Anderson was born at Hermiston, Midlothian the son of a farmer[2] and while still young attended lectures on chemistry by William Cullen, at the University of Edinburgh. At the age of 15, after the death of his father, he took over the working of the ancestral farm.[3]
In 1768 he moved to Aberdeenshire to manage the 1,300 acres (530 ha) farm of Monkshill on land owned by Mr. Udny of Udny under a long lease granted to him for the purpose of demonstrating the benefits of improved agriculture.[4]
Rent, Anderson argued, was a charge for the use of the more fertile soil. The least fertile soils in cultivation generated an income that simply covered the costs of production, while the more fertile soils received a "certain premium for an exclusive privilege to cultivate them; which will be greater or smaller according to the more or less fertility of the soil. It is this premium which constitutes what we now call rent; a medium by means of which the expence ( [sic]) of cultivating soils of very different degrees of fertility may be reduced to a perfect quality." Anderson argued that improvement of the soil was possible; but also that humans could degrade the soil. He argued also that since where farm land in England was held by capitalists, the farmer would tend to avoid improvements the full return for which would not be received during the lease.
Karl Marx's critique of capitalist agriculture drew upon Anderson's analysis and he insisted that soil fertility was a historical issue, and that fertility could both improve or decline. The irrationality of capitalist agriculture, he argued, was bound up with the whole antagonism of town and country out of which bourgeois society had arisen.[6]
In 1783 he settled in Edinburgh. From 1790 to 1797 he lived at Springfield on Leith Walk north of the city.[7] In 1791 he started a weekly publication called The Bee, which was largely written by himself, and of which 18 volumes were published. In 1797 he began to reside at Isleworth, and from 1799 to 1802 he produced a monthly publication, Recreations in Agriculture, Natural History, Arts and Miscellaneous Literature. He was also the author of many pamphlets on agricultural and economical topics,[8] under numerous aliases, including Agricola, Germanicus, and Timothy Hairbrain. One of his first publications was A Practical Treatise on Chimneys (1776). He was a friend of Jeremy Bentham, and involved in the latter's idea of an ideal prison or Panopticon. Anderson also corresponded with George Washington.
Inventor
The engineer James Green, responsible for the building of some of the first canalboat lifts, credited their invention to Dr James Anderson.[9]

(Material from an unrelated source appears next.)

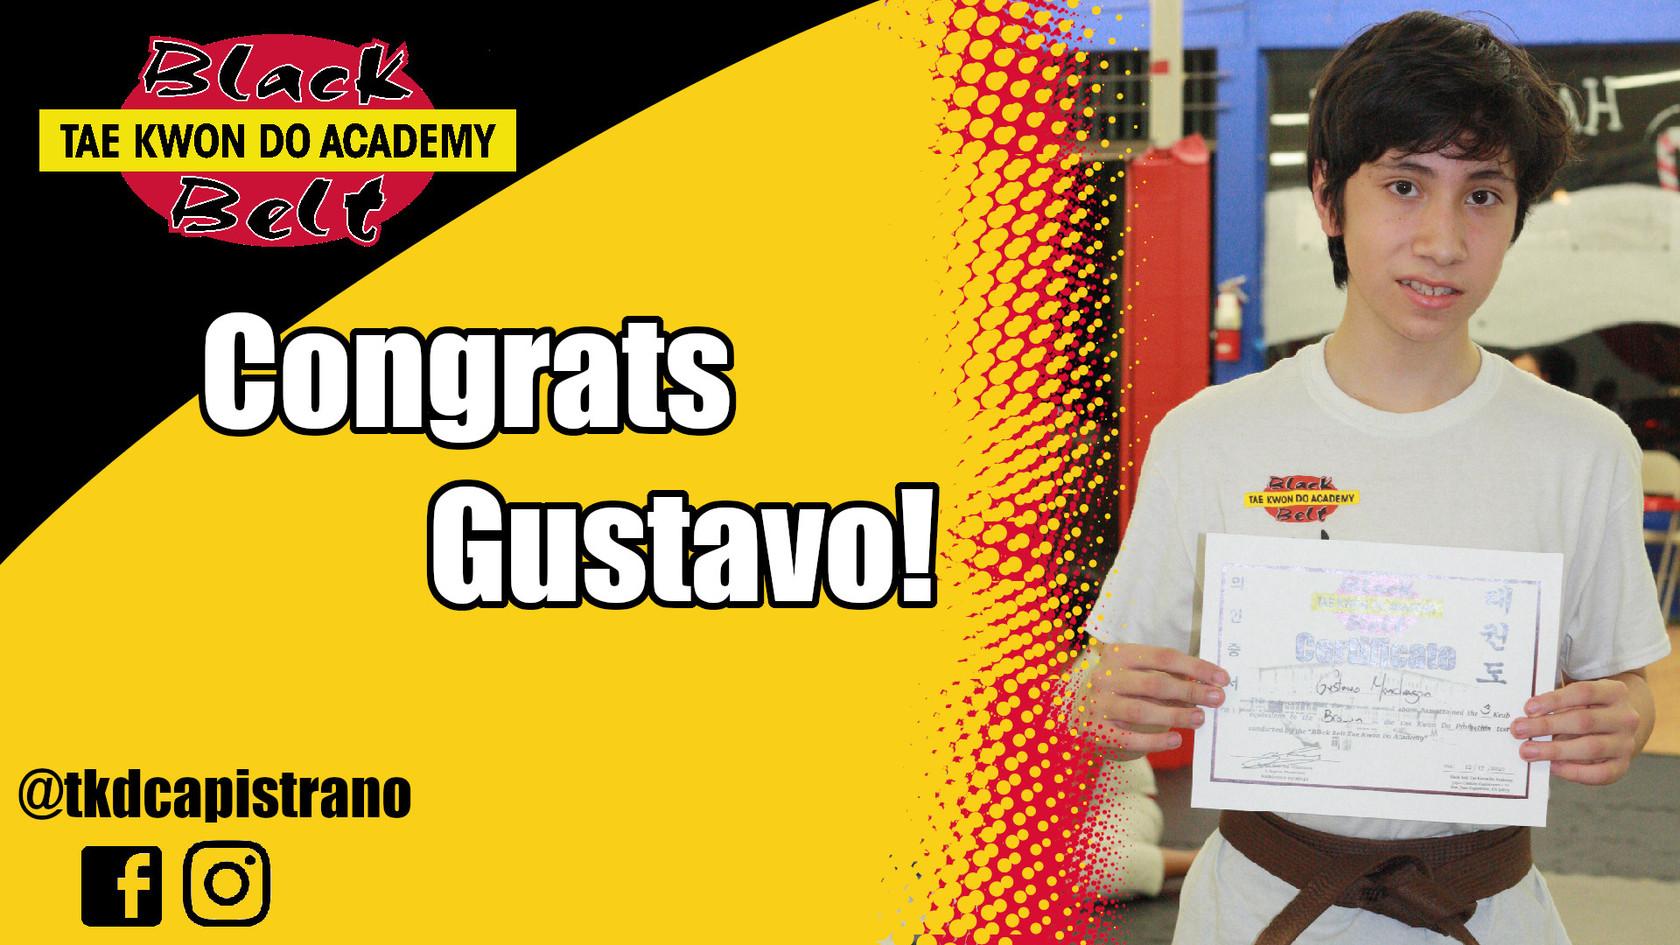 Congrats Gustavo!
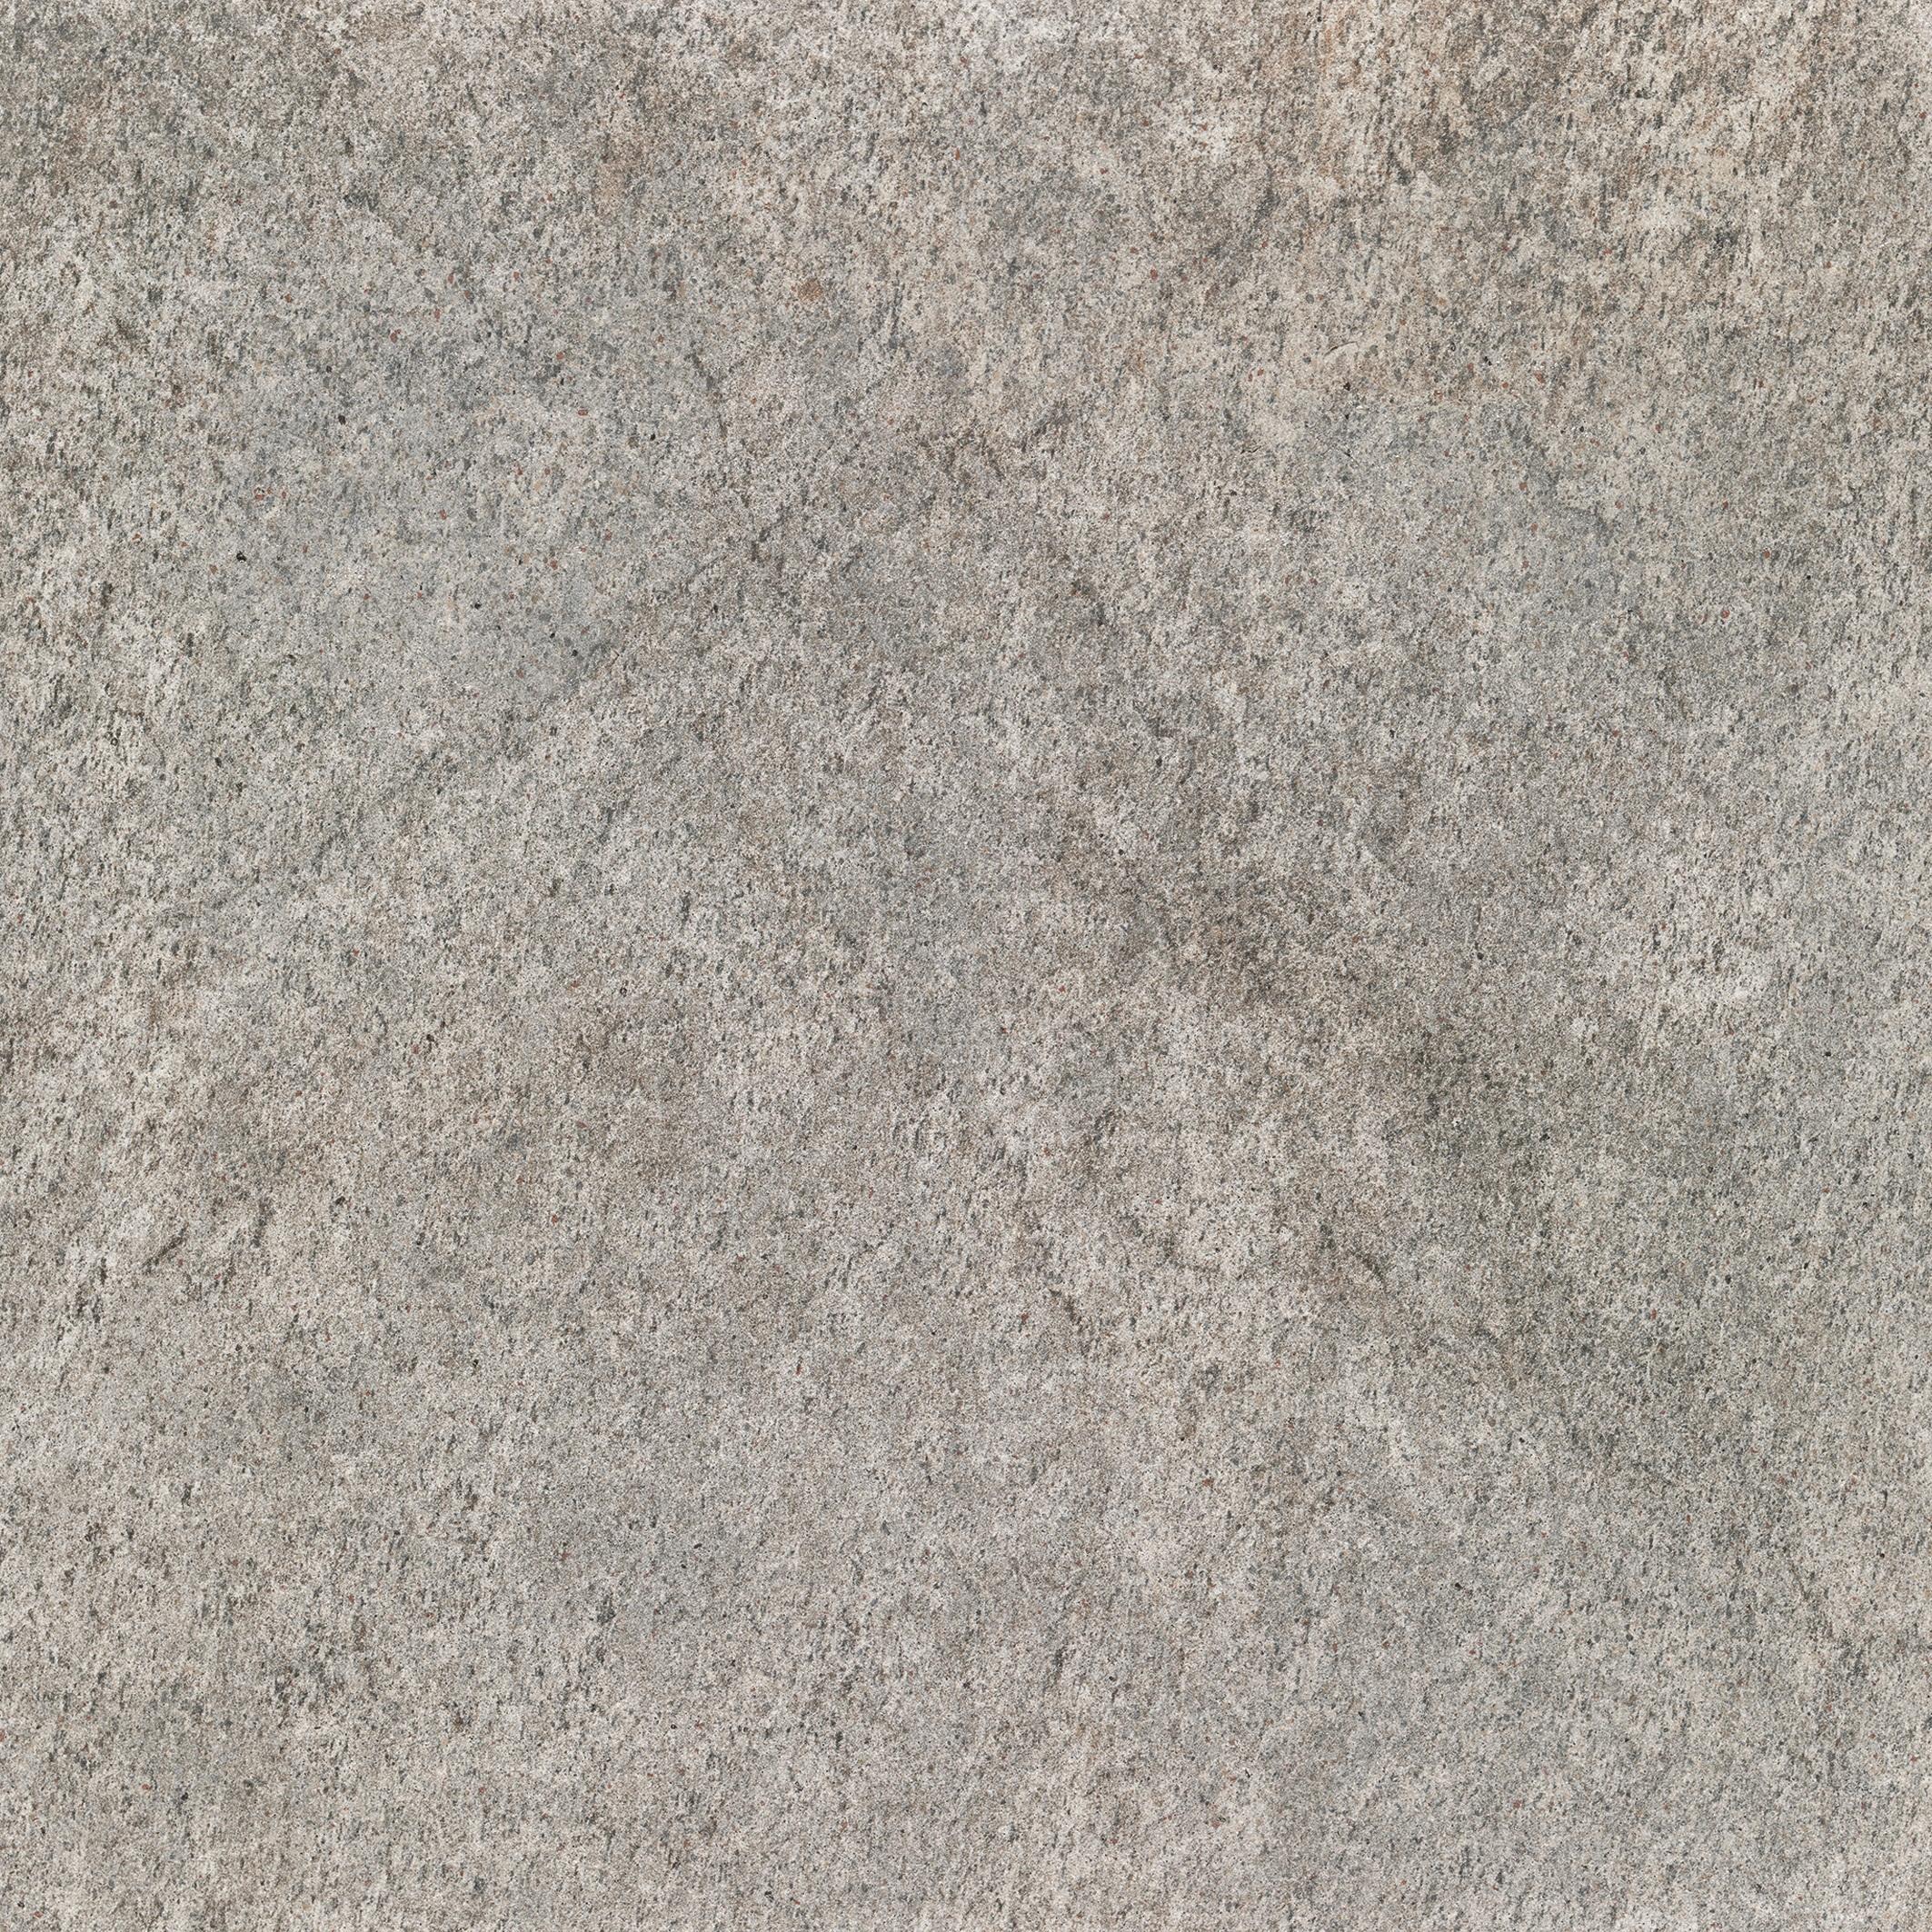 Напольная плитка Venis Cosmos +23192 Pav. напольная плитка fanal pav marengo 01 32 5х32 5

The Scotch plough or Scots plough (not to be confused with the Scottish hand plough) was a wood and iron, animal draft, primary tillage implement (plough) for use on heavy ground invented in the 19th century by James Anderson.[10]
In 1768 Anderson married Margaret Seton (d. 1788). Together they had 13 children, one daughter and five sons survived their father; their son, John, was apprenticed to Thomas Bewick.[3] Their daughter, Margaret (1778–1863), married Benjamin Outram.